L’impopularité de Manuel Valls résiderait donc en grande partie dans le fait qu’il a représenté à lui seul la défiance de la population française vis à vis de la politique en général. Ses multiples recours au 49.3 ont été perçus comme autant de passages en force contre le législateur, et une insulte aux français, alors nombreux à s’opposer à la Loi Travail. Les comportements alors démesurés des forces de l’ordre, répondant aux ordres reçus à l’occasion des manifestations que cette loi a provoqué, et l’intangibilité du Premier Ministre, tournant à la caricature, ont définitivement eu raison de sa respectabilité chez les individus les plus engagés à gauche. Et pourtant, aujourd’hui en campagne, le même homme s’attaque à l’outil du 49.3 sans sourciller.
Jusqu’où va la manipulation ?
Dans ce contexte, l’ascension de Manuel Valls au sein du gouvernement serait donc symptomatique d’un nouveau rapprochement des idées entre le Parti socialiste au pouvoir et Les Républicains sur un modèle très à droite : croissance, travail, sécurité. Pourtant, cette ambiguïté politique (déjà observable dans d’autres pays au capitalisme triomphant) est extrêmement inquiétante pour la démocratie, car elle conforte l’idée selon laquelle les principaux partis défendent une même vision du monde et des institutions aux intérêts communs. Sur fond de scandales, les cinq dernières années politiques ont ainsi renforcé le discrédit qui pèse sur la classe politique en exposant son incapacité à lutter contre l’emprise des institutions économiques globales, se limitant à jouer çà et là aux régulateurs du marché.
Selon Dany Caligula, on peut aller encore plus loin. En effet, il suggère que le Parti socialiste a utilisé sa position, celle d’un parti qui en principe intervient pour lutter contre les inégalités sociales, pour faire passer des lois entièrement à rebours, dont même « les Republicains auraient […] rêvé ». Pourtant, la résistance sociale a tardé à se mettre en place. Dans la liste de ces mesures, on trouve entre autre la Loi sur le renseignement, la Loi Macron ou encore la Loi El Kohmri. Pour l’auteur de la vidéo, l’une des raisons de ce paradoxe est la manière dont la politique est organisée : par « étiquette ». Ainsi, le PS représentant en principe la gauche, les personnes ayant voté pour ce parti ont mis du temps à s’organiser pour s’opposer au programme mené par le gouvernement, quand bien même celui-ci était profondément anti-social.

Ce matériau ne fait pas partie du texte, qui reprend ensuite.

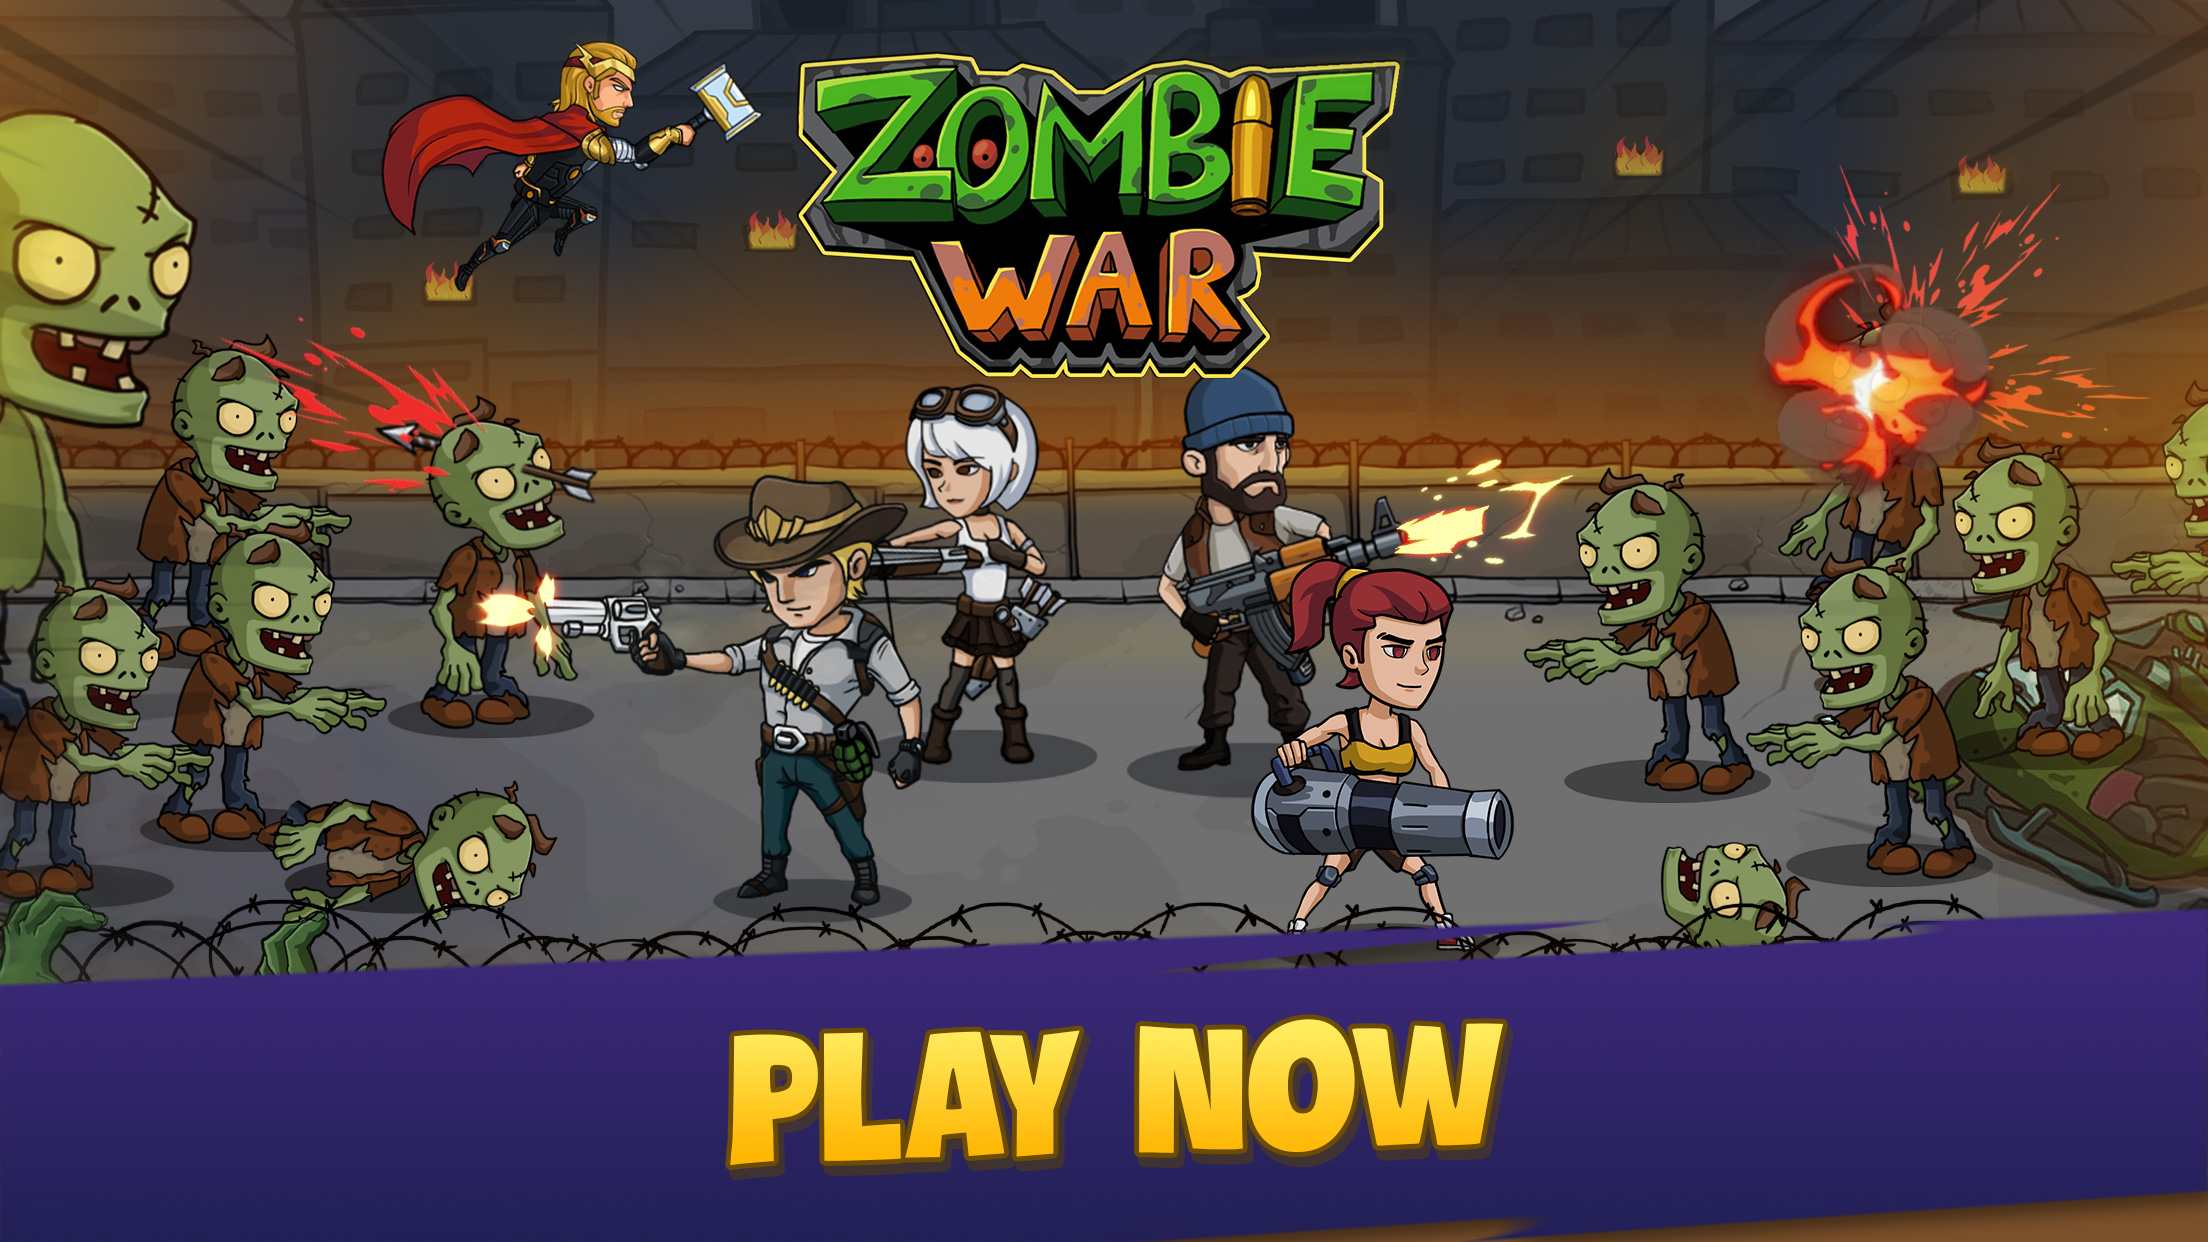 Afk zombie apocalypse game global. Игра Zombie td.

Quelles conclusions en tirer ? Il s’avère que les pirouettes politiques, à l’heure ou Les Républicains et le Parti socialiste défendent des mesures très proches en ce qui concerne le modèle économique, brouille les électeurs et les détournent de la politique. Dans le même temps, ceux qui ont déjà échoué en politique, n’ont de cesse de revenir sur le devant de la scène « en se présentant comme des sauveurs » anti-systèmes. On croit rêver. « Peut-être est-ce là l’une des plus grandes tare de notre système politique », estime Dany Caligula. Par ailleurs, cet échec et trahison du gouvernement « socialiste » renforce, par manichéisme et confusion, cette haine ordinaire des idées sociales. Le problème réside-t-il dans les institutions ? Dans l’absence de contrôle ? Ou dans une soumission des politiques aux acteurs économiques ? Autant de questions auxquelles il est plus que temps de répondre s’il on veut que la politique redevienne une chose attrayante, capable de susciter les passions et de faire naître l’envie de débattre du commun pour un avenir serein.